Files
alknet/docs/architecture/open-questions.md
glm-5.1 d3633b7839 docs: complete Phase 0 architecture — spec updates, review fixes, and link portability
Update four existing specs (overview, server, napi-and-pubsub, call-protocol) to
reflect Phase 0 decisions: three-layer model, IdentityProvider, ForwardingPolicy,
OperationEnv, static/dynamic config split. Review all 9 Phase 0a ADRs (026-034)
for consistency. Fix 4 critical issues from architecture review: missing OQ-SVC-05
in open-questions.md, deprecated hub terminology, undefined AuthService and noq
terms. Replace inline OQ text with cross-references per format rules. Add
ConfigServiceImpl definition to configuration.md. Port absolute workspace paths
to project-relative links by copying referenced docs (feasibility, certbot,
fail2ban, event_source_types) into docs/research/.
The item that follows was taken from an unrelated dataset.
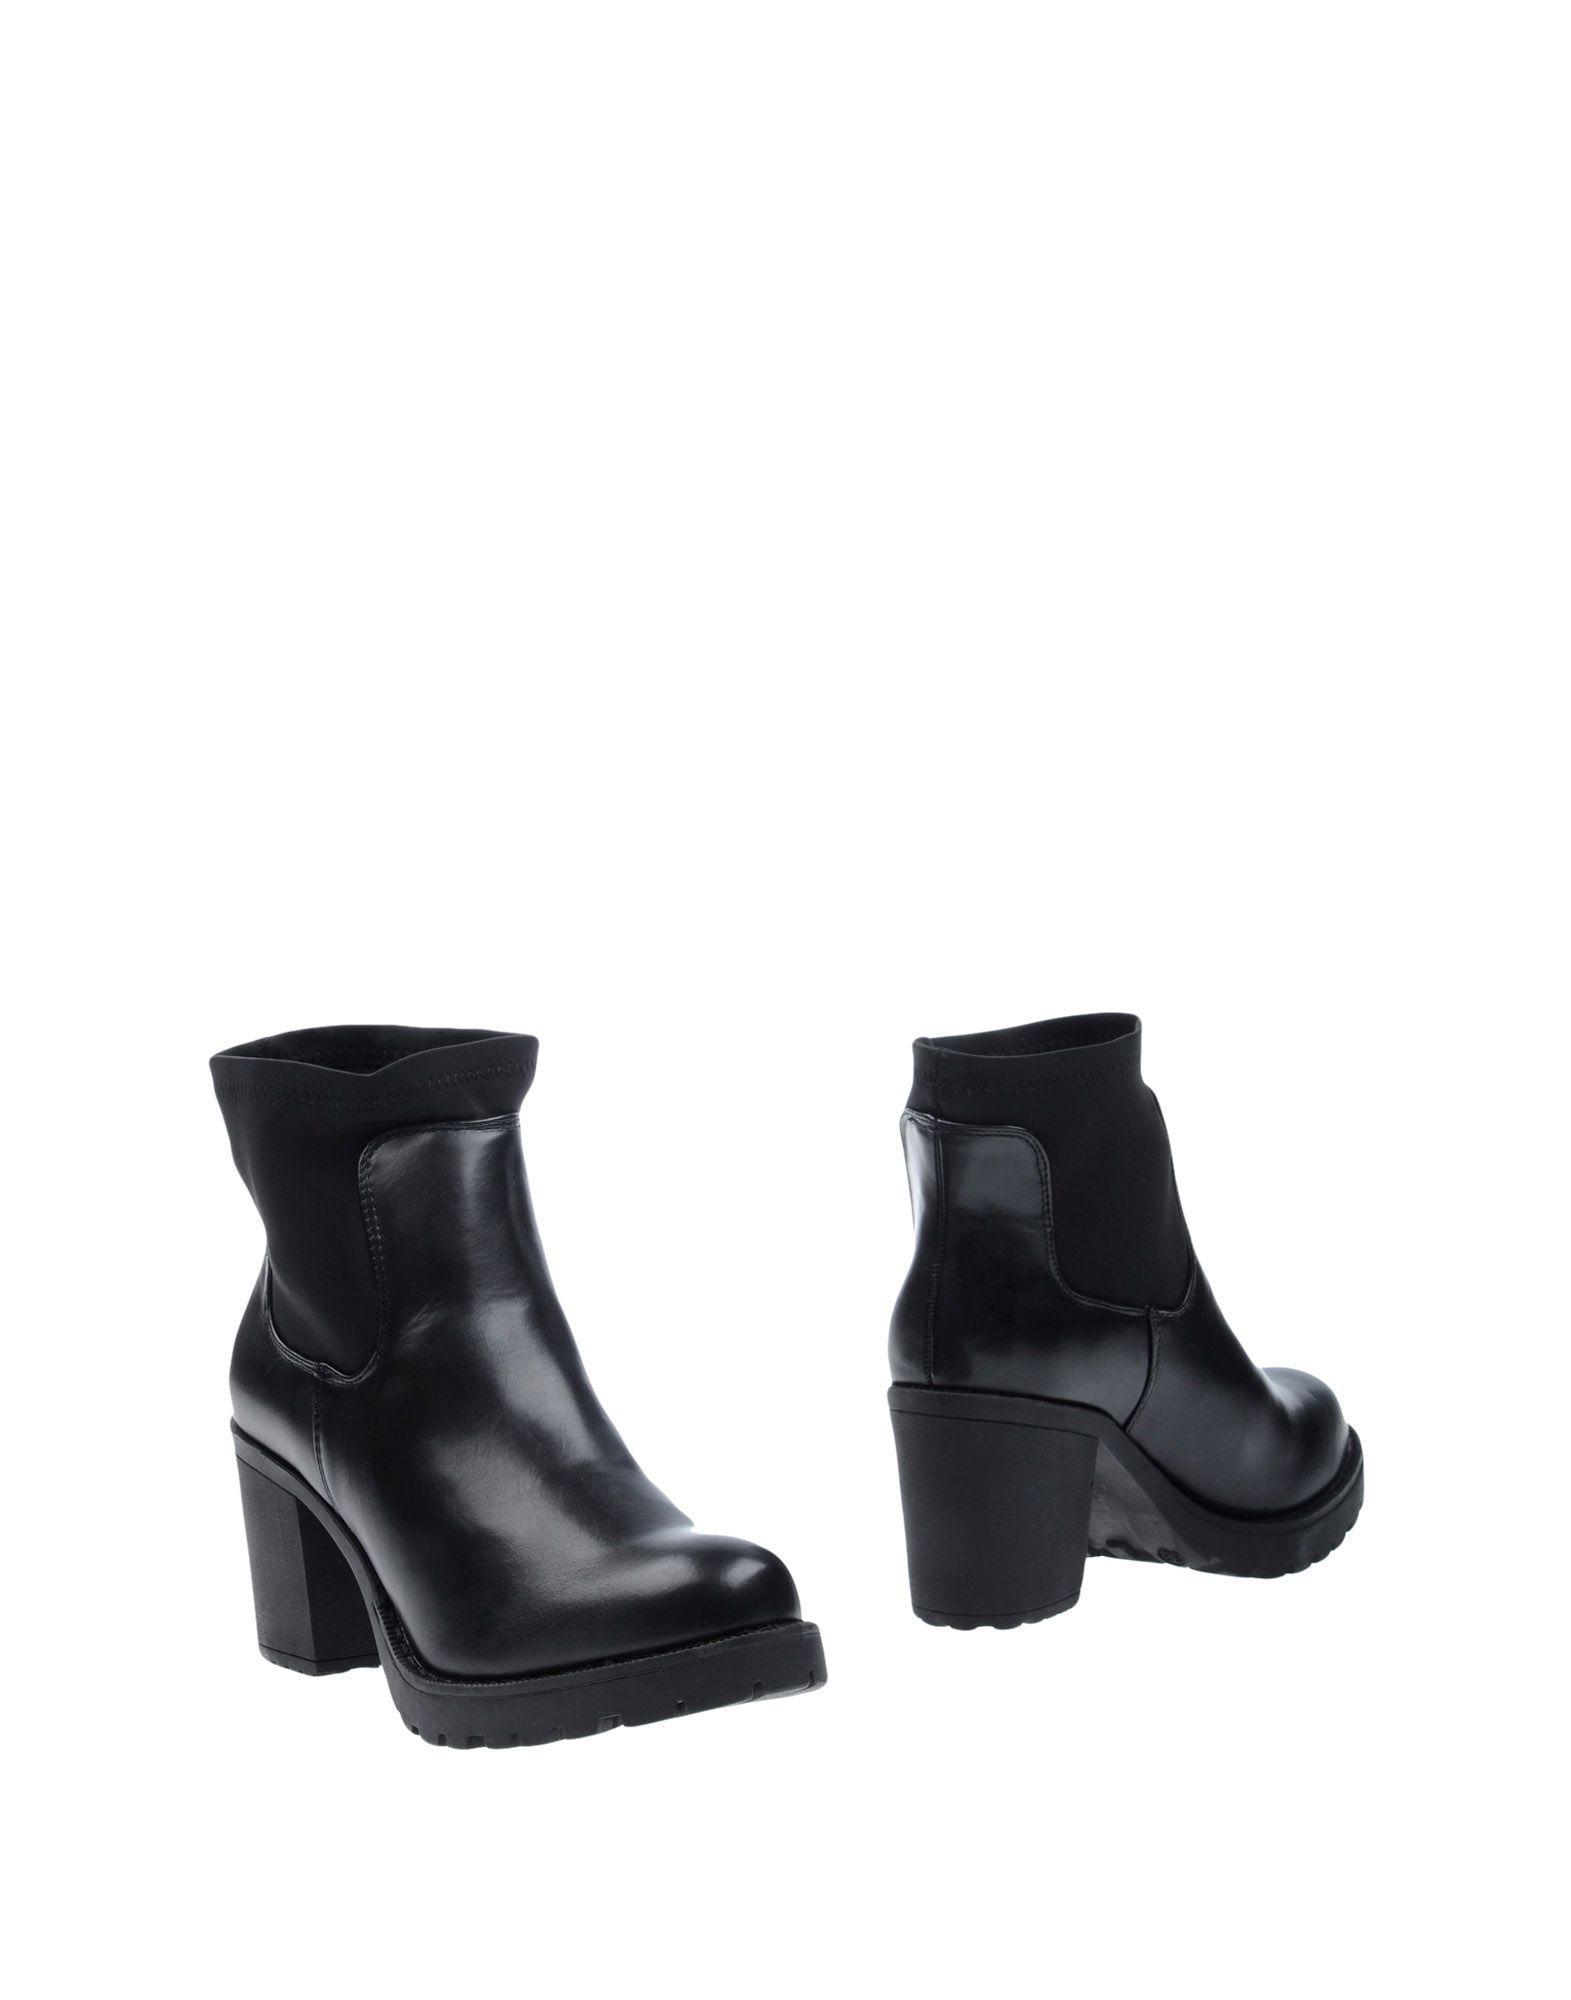 Stellaberg Ankle Boot - Women on Stellaberg Ankle Boots online on Women  Australia - 11258778LQ 44f203

2026-06-07 11:27:52 +00:00

250 lines
16 KiB
Markdown

---
status: draft
last_updated: 2026-06-07
---
# Open Questions
## Transport
### OQ-01: TLS certificate management strategy
- **Origin**: [server.md](server.md)
- **Status**: ~~resolved~~
- **Priority**: ~~medium~~
- **Resolution**: ADR-008 — Support both domain-based and IP-based ACME/Let's Encrypt auto-provisioning, plus manual certs. Domain-based uses standard certbot-style flow with HTTP-01/TLS-ALPN-01 challenges. IP-based uses short-lived certs via TLS-ALPN-01 on port 443. Manual certs via `--tls-cert`/`--tls-key` always supported. Implementation uses `rustls-acme` or similar pure-Rust ACME client.
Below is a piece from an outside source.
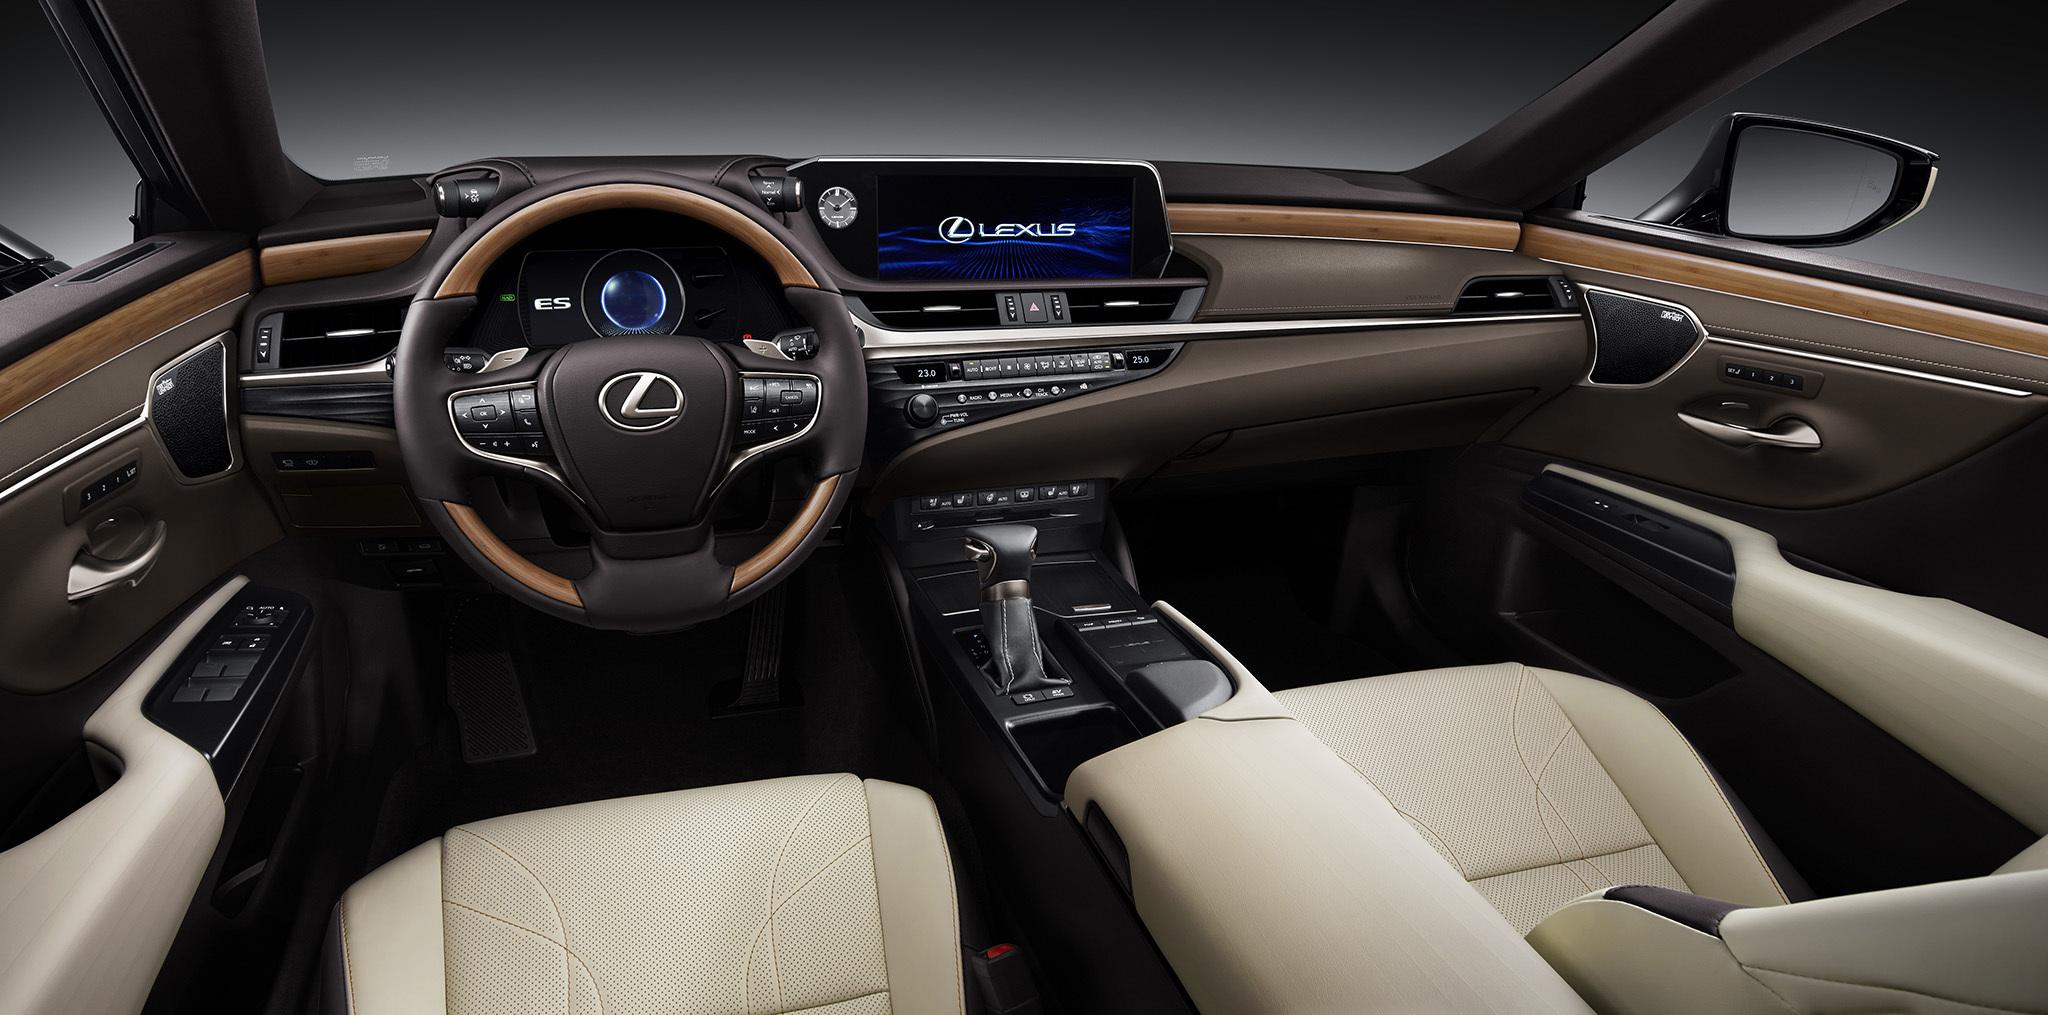 LexusES50_20180830185117623.jpg

- **Cross-references**: [ADR-008](decisions/008-acme-lets-encrypt.md), Server spec, TlsTransport implementation
### OQ-02: iroh relay configuration defaults
- **Origin**: [transport.md](transport.md)
- **Status**: ~~resolved~~
- **Priority**: ~~low~~
- **Resolution**: ADR-009 — Default to n0's free relay servers. Allow override via `--iroh-relay <url>`. Document self-hosted relay setup. This matches iroh's own defaults and minimizes friction for testing/development.
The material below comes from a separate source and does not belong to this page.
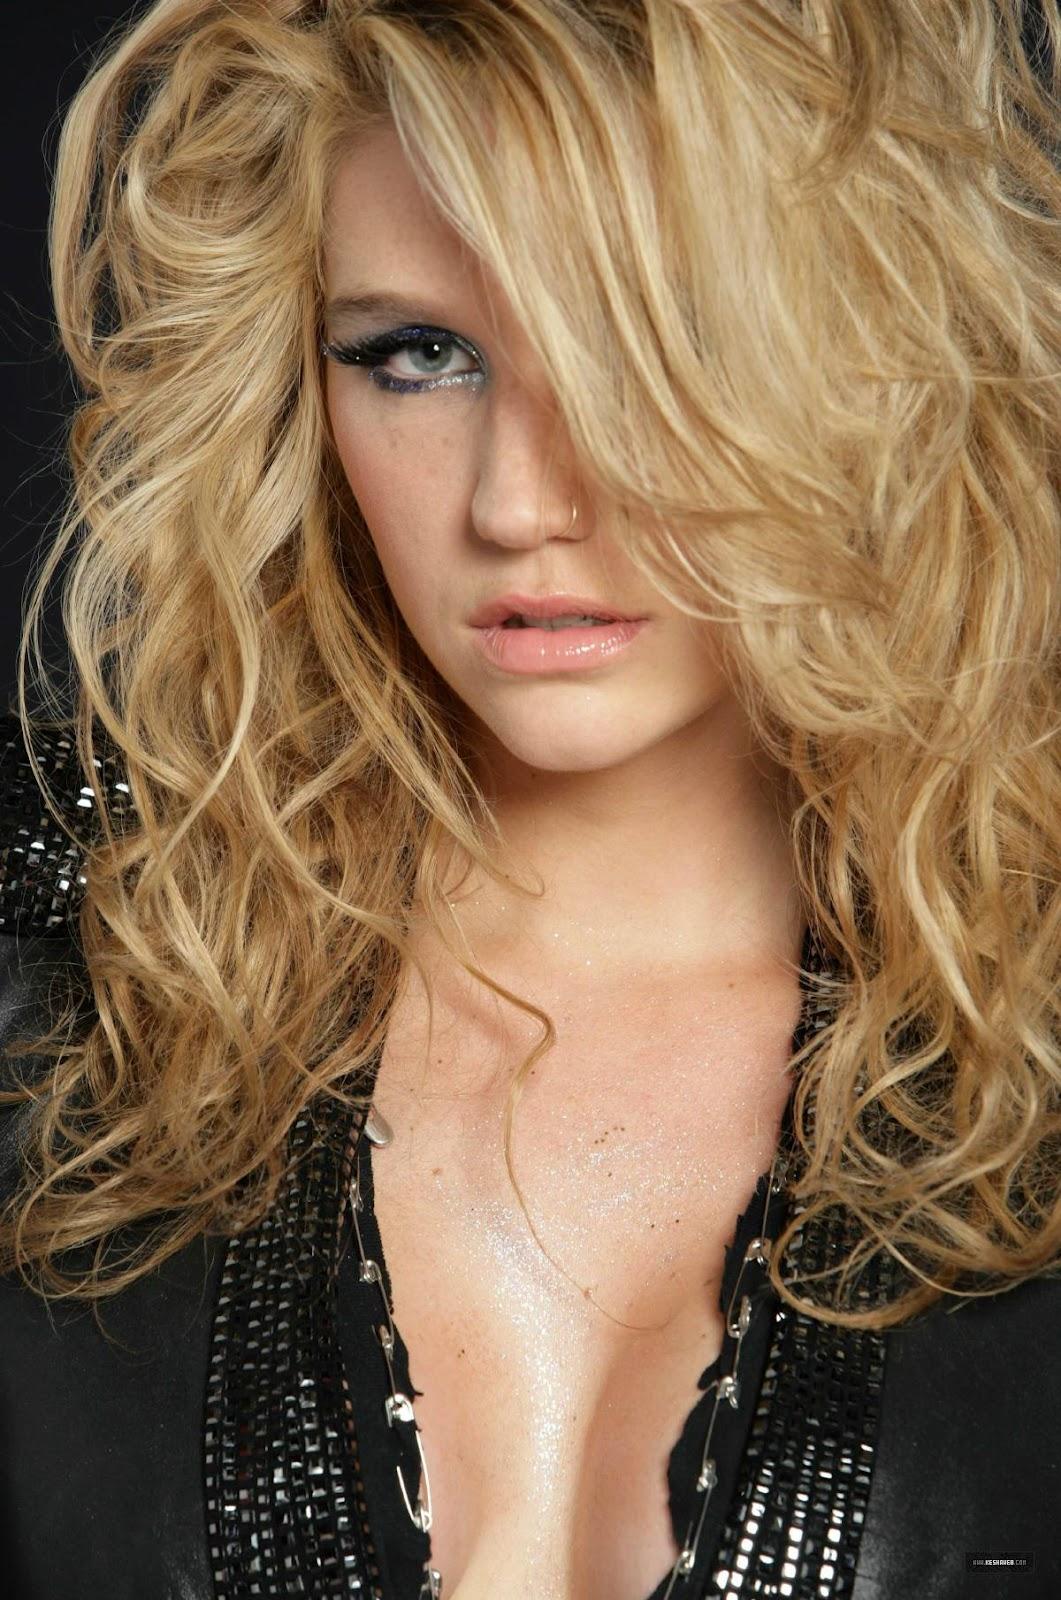 http://4.bp.blogspot.com/-bWAbyKLuckc/T1of3Z32SiI/AAAAAAAAB_o/sDgkmO4ML9w/s1600/Kesha-piccol.jpg

- **Cross-references**: [ADR-009](decisions/009-default-iroh-relay.md), Transport spec
### OQ-05: Transport chaining support in CLI
- **Origin**: [transport.md](transport.md)
- **Status**: ~~resolved~~
- **Priority**: ~~low~~
- **Resolution**: ADR-010 — Support `--transport iroh --proxy socks5://...` natively in the CLI. iroh's endpoint builder accepts proxy configuration directly, so the implementation is minimal. Other transport combinations (TCP+TLS) are already implicit.
- **Cross-references**: [ADR-010](decisions/010-transport-chaining-cli.md), Transport spec
## Client
### OQ-06: SSH config file parsing
- **Origin**: [client.md](client.md)
- **Status**: ~~resolved~~
- **Priority**: ~~low~~
- **Resolution**: ADR-011 — No `~/.ssh/config` parsing, no custom config file. Configuration is programmatic-first: CLI flags, library API structs (`ConnectOptions`, `ServeOptions`), and environment variables. Cross-platform path issues (`~` expansion) are avoided. The library API is the primary interface; if config files are needed later, they can be a separate layer.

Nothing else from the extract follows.